The Akademisches Gymnasium is a coeducational gymnasium grammar school located in Graz, Styria, Austria. Founded in 1573 by Charles II, Archduke of Austria, it is the oldest secondary school in Graz.

== Overview ==
Akademisches Gymnasium Graz teaches modern languages situated providing also Latin and optional Greek, as regular school subjects. On average there are 24 classes, some 550 students and about 60 teachers.

The school's main aim is to develop the students' potential to the full and to help them grow into successful, caring and respectful young people. In order to achieve this, Akademisches provides corporate teamwork (learners/teachers/parents/administration) and a safe, supportive environment for students within which their academic, cultural and emotional needs are met, sometimes even beyond the statutory curriculum.

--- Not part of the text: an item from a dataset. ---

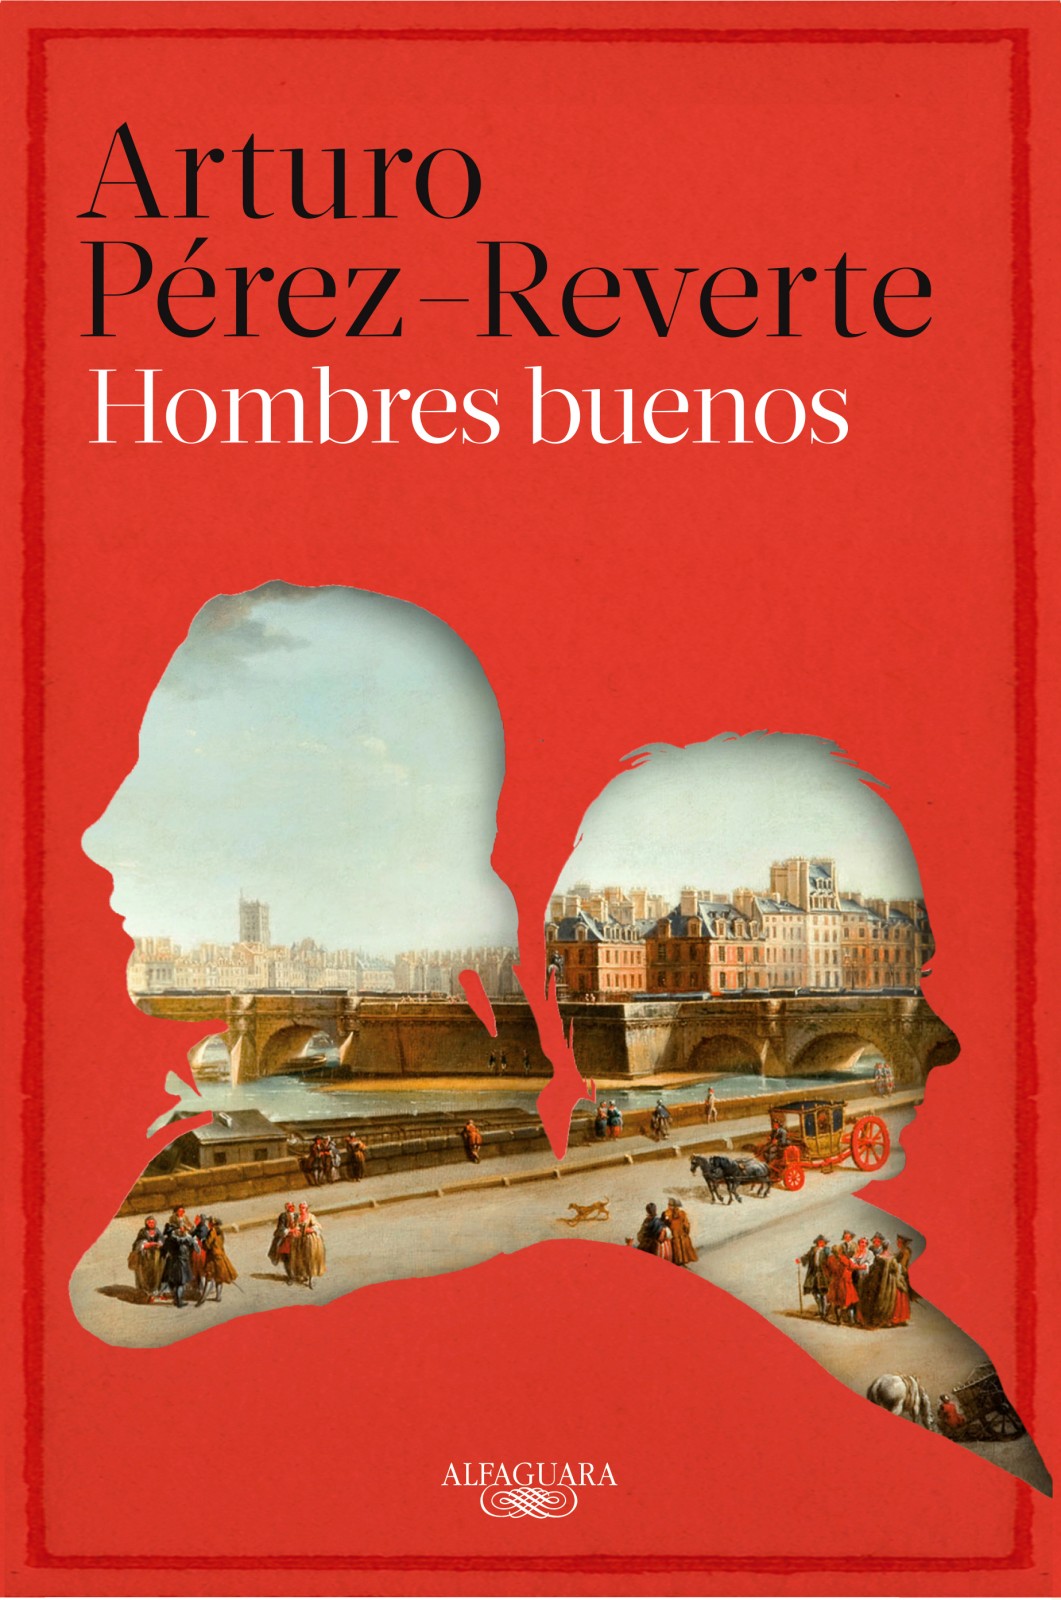 Hombres buenos, de Arturo Pérez-Reverte

Not only with its course system in upper forms can students set their own priorities in their school careers (science, languages etc.) but also by taking part in school partnerships, trips abroad, cooperation with universities, competitions on all levels, school projects, artistic activities, exhibitions, social projects and lots more.

Specially trained teachers assist gifted and talented students in developing their skills. Furthermore, there is a day-care facility for students aged 10 to 14 until 5 p.m. They receive professional help with their homework, but there is also room for individual activities.